複数人同時参加型のネットゲームは、ソフトの販売や公式サイトのバグサポートはもちろん、すべてがマルコンで処理されるようになって久しい。
そんな第何次目かわからないネットゲーム全盛期。「もっとも有名なゲームは何か?」とゲーム好きのプレイヤーに質問すれば、十人中八人は、『グロリス・ワールド』と答え、一人が『メモリー・オブ・アザー・ワールド』と答えるだろう。
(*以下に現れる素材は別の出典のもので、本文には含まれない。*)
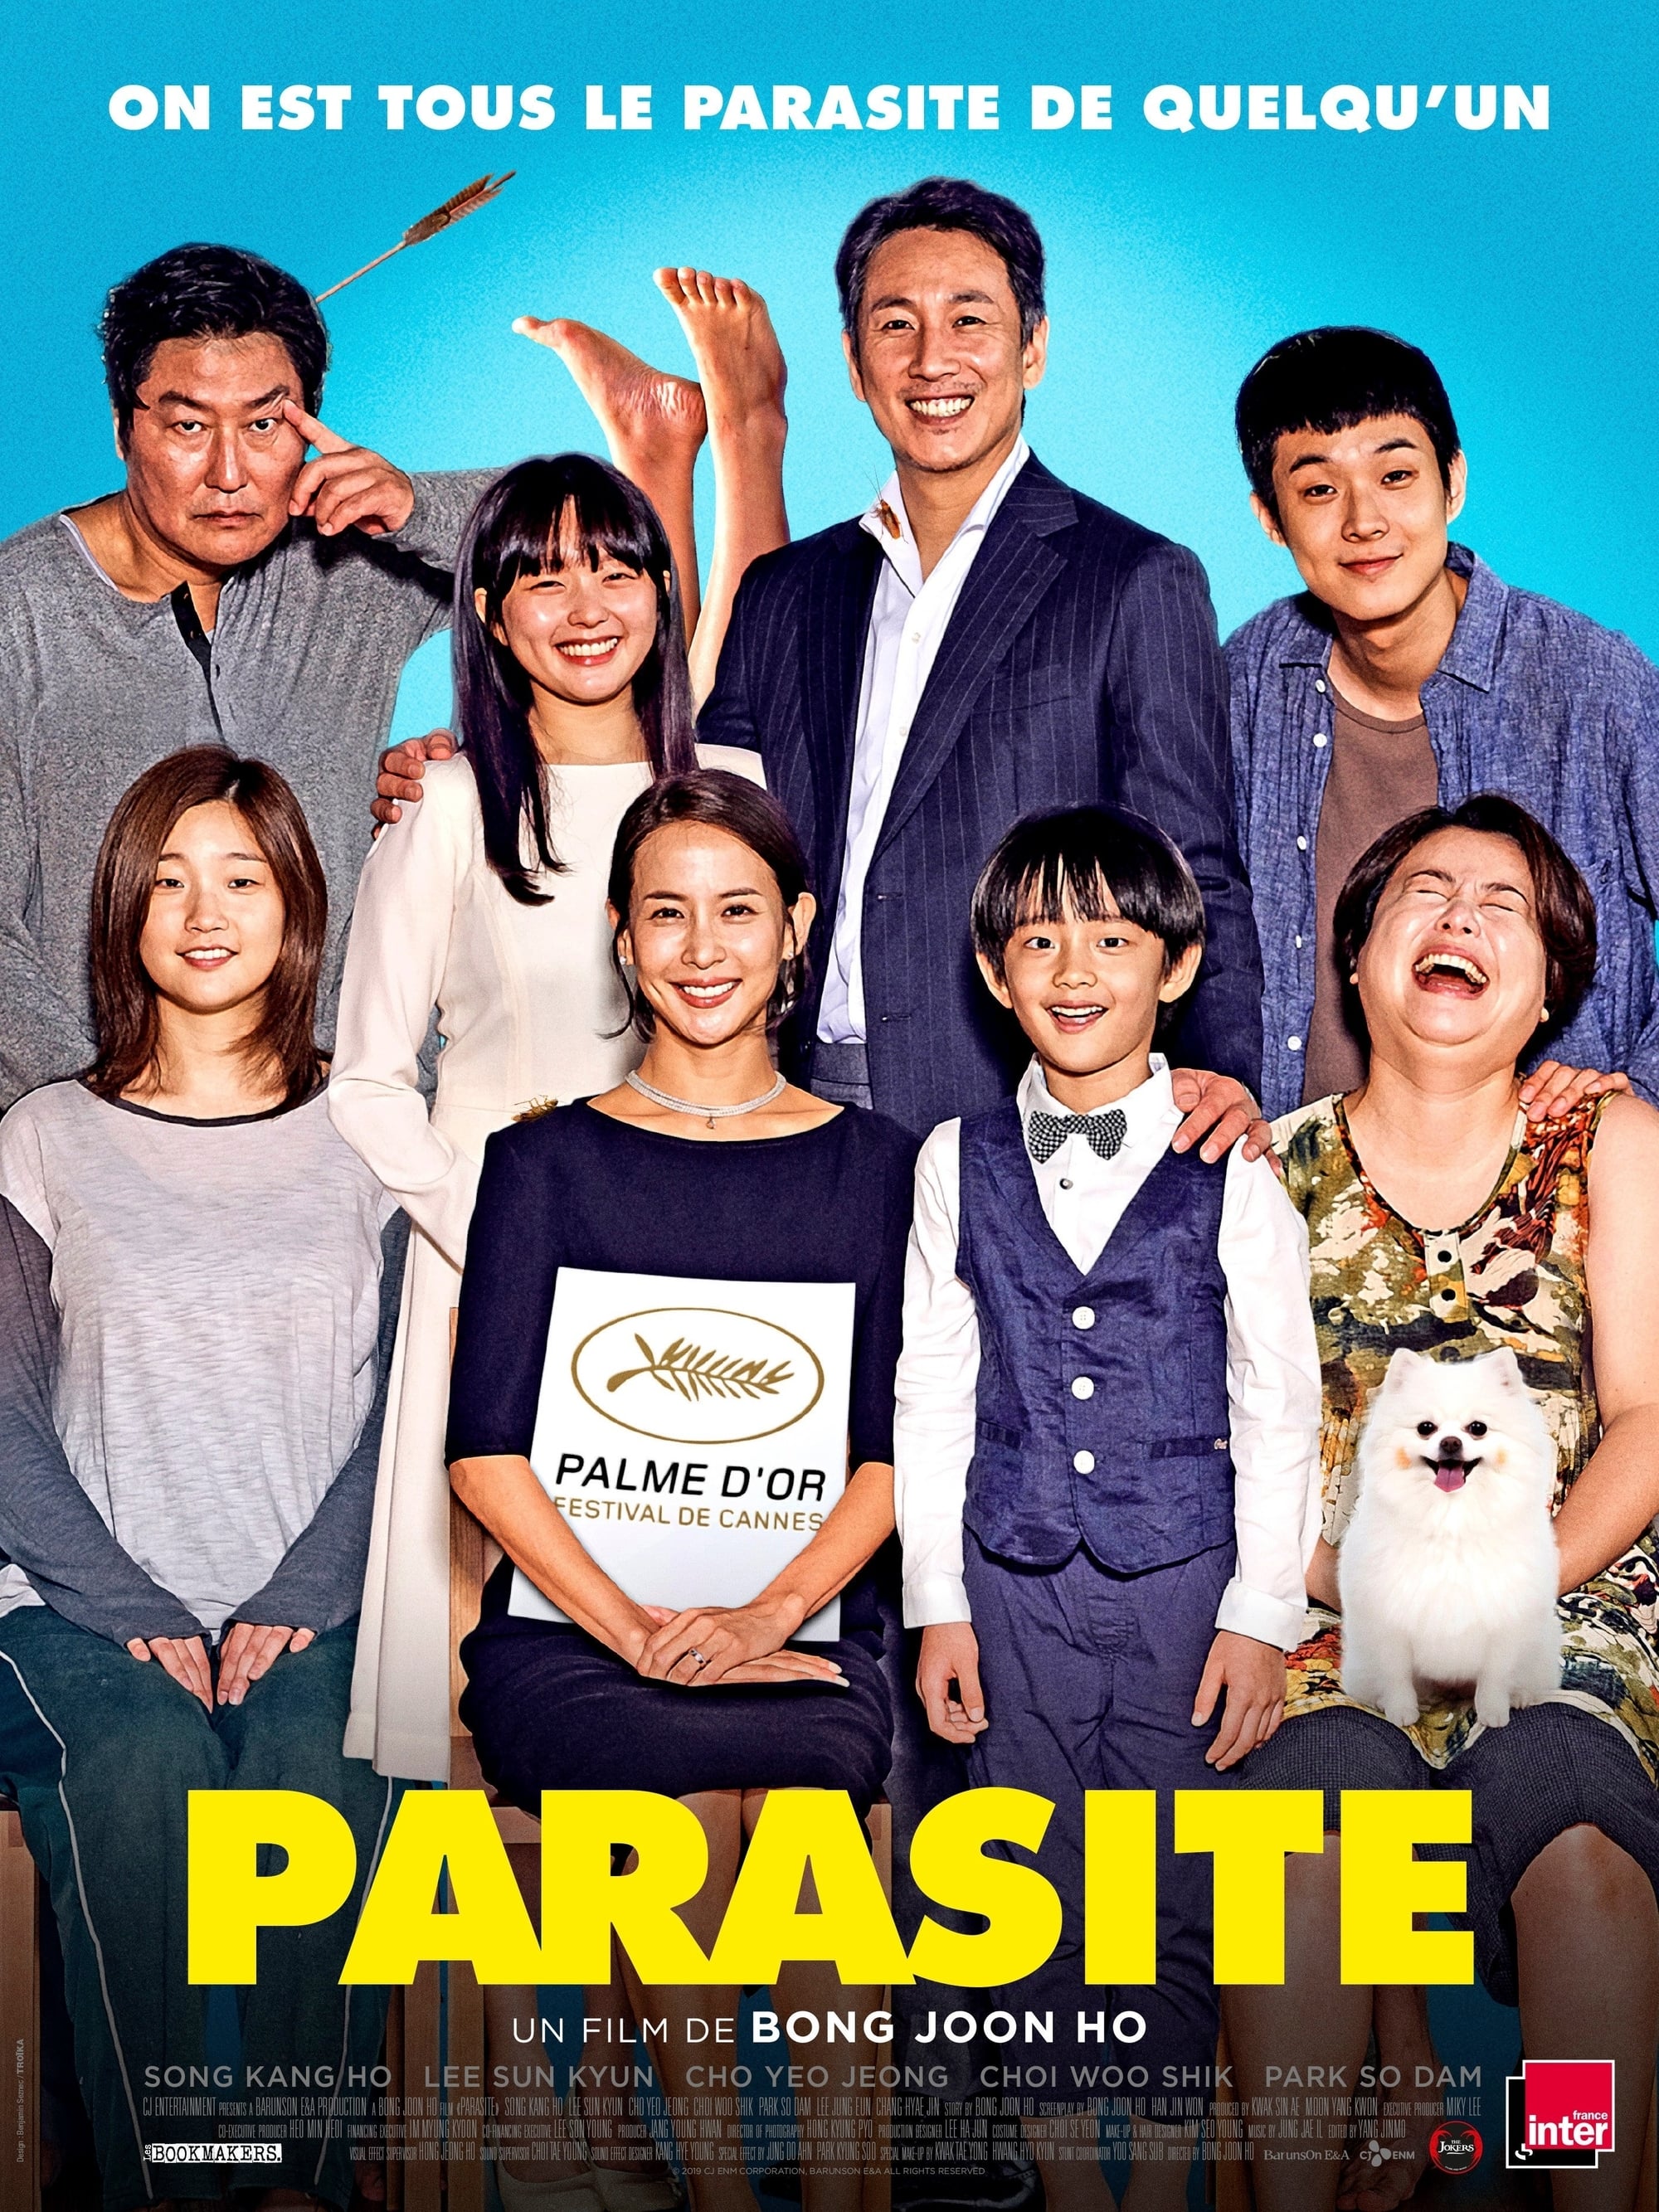 Watch Parasite (2019) Full Movie Online Free - Watch Movies Online HD Quality2000 x 2667

『グロリス・ワールド』、正式タイトルは『メモリー・オブ・アザー・ワールド』。『異世界の思い出』とでも和訳されるタイトル。今から約五年前にリリースされた、全世界でもっとも有名なネットゲームだ。
『グロリス・ワールド』とは、『メモリー・オブ・アザー・ワールド』の総合デザイナーであるグロリス・アーケディア氏から名付けられた通称であった。
公式リリース前からテストに参加できたユーザーの、各種ブログやSNSの投稿で絶賛を浴び。当時の最先端コンピュータ技術を用いて、精密に創られたゲーム世界は、“世界でもっとも美しい世界”という流行語を生んだ。
満を持して、公式リリースを迎えて、グロワー中毒者を世界で何万人も作り、国によっては専用の法律が新設されて規制までされる事態になり、ゲームに興味がなかった人を含め、社会的に認知された。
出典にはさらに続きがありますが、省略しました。